Segment Start: DATASET EXTRACT

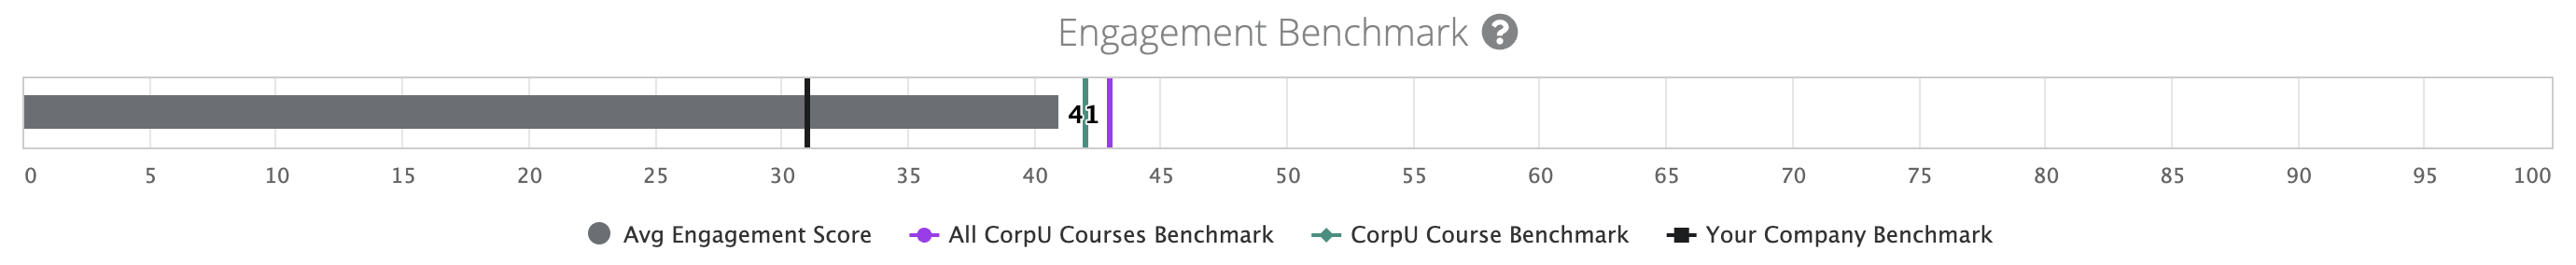 engagement benchmark
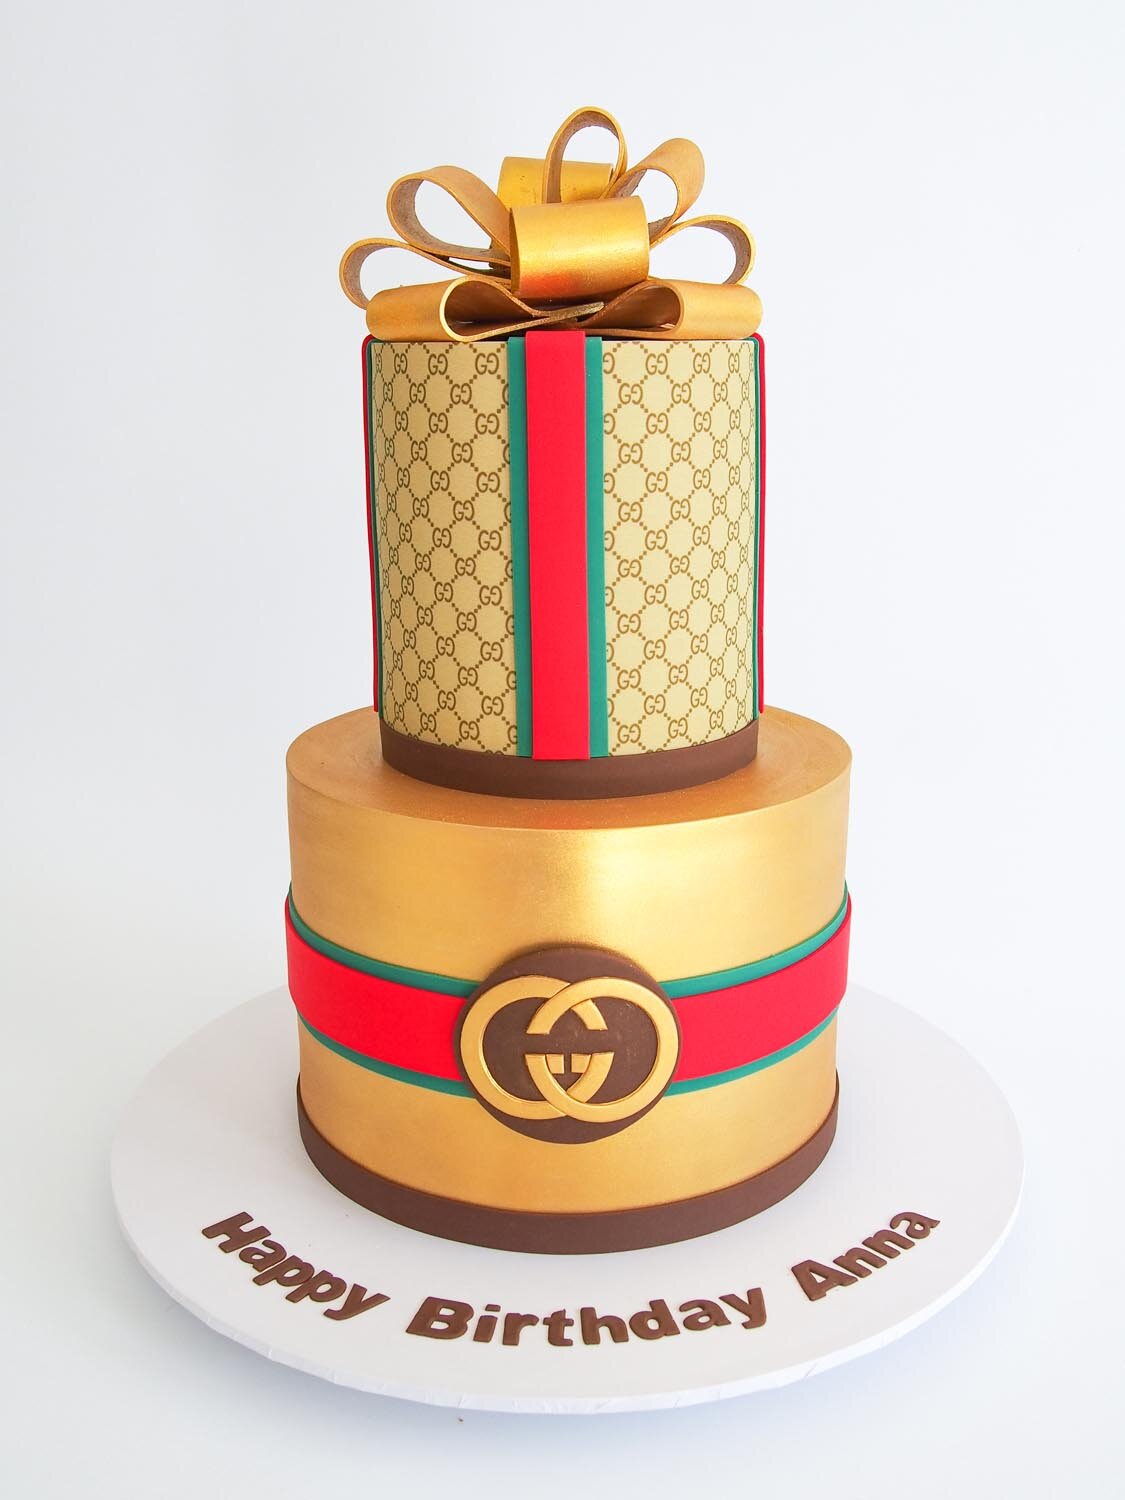 Celebration Cakes | Our Portfolio
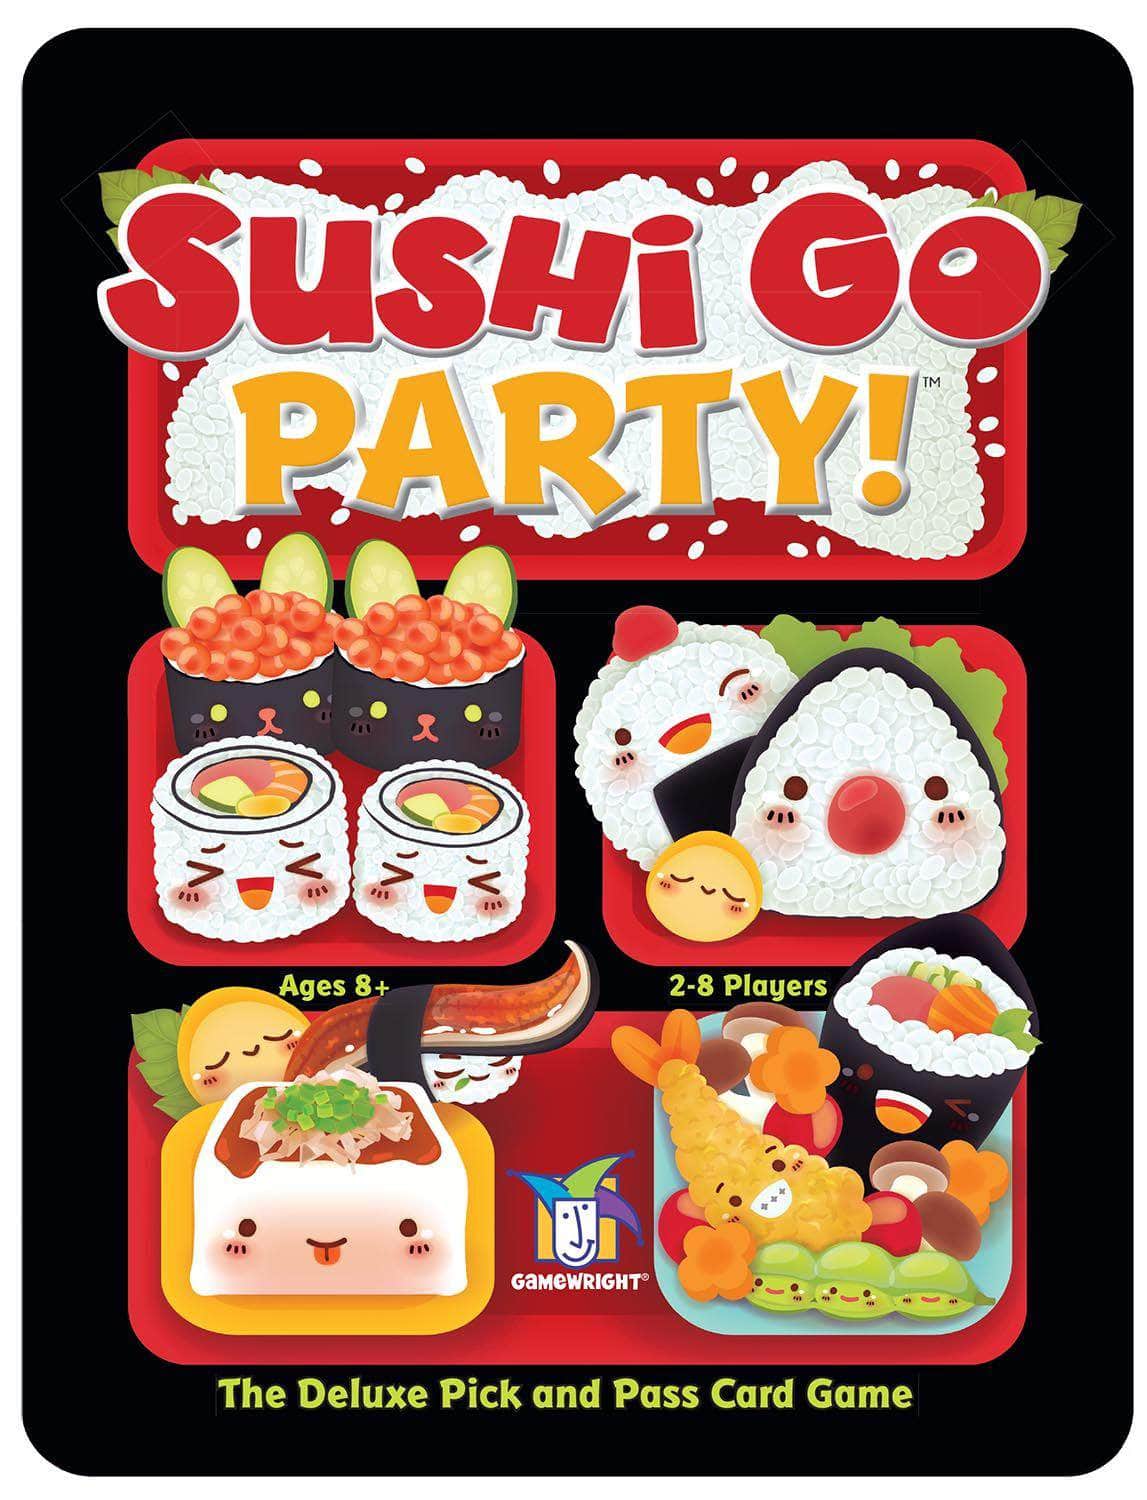 Sushi Go Party! Detaljhandelsspel Gamewright, Devir, Rebell, uplay.it edizioni, vita goblin -spel, Zoch Verlag KS800484A
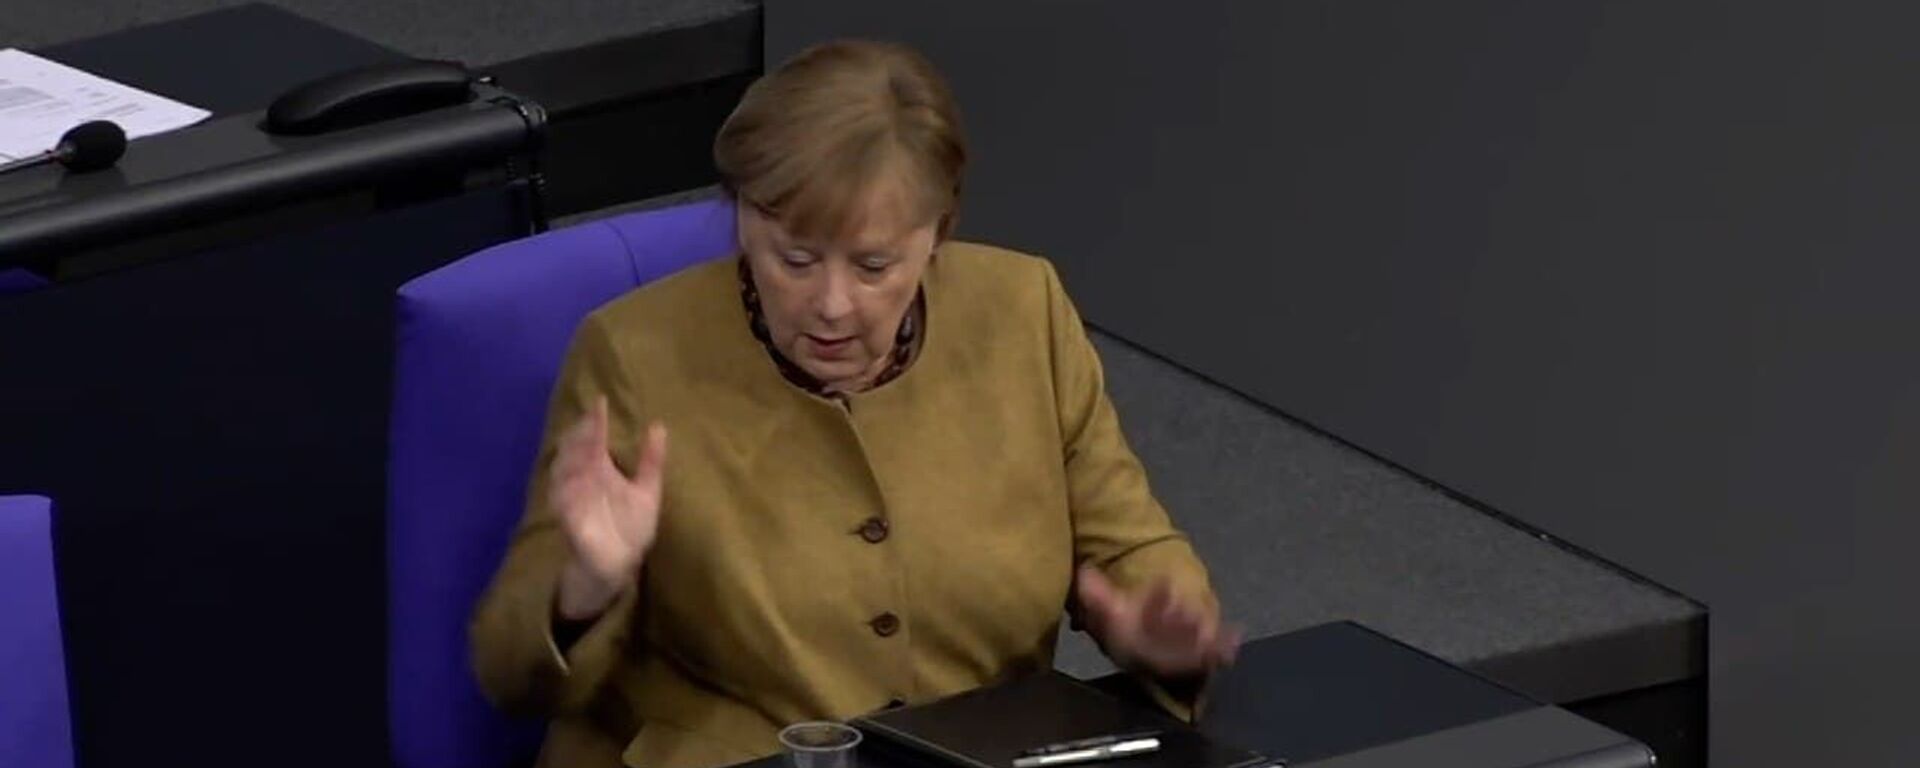 Меркель забыла надеть маску: ее реакция на конфуз стала вирусной - видео - Sputnik Узбекистан, 1920, 19.02.2021

Segment End: DATASET EXTRACT

WHAT IS REQUIRED
The line containing "Sushi Go Party!" marks the end; please output exactly the lines of the listing above from its first line through that line, without pictures.

RESULT FOR THIS EXERCISE
 engagement benchmark
 Celebration Cakes | Our Portfolio
 Sushi Go Party! Detaljhandelsspel Gamewright, Devir, Rebell, uplay.it edizioni, vita goblin -spel, Zoch Verlag KS800484A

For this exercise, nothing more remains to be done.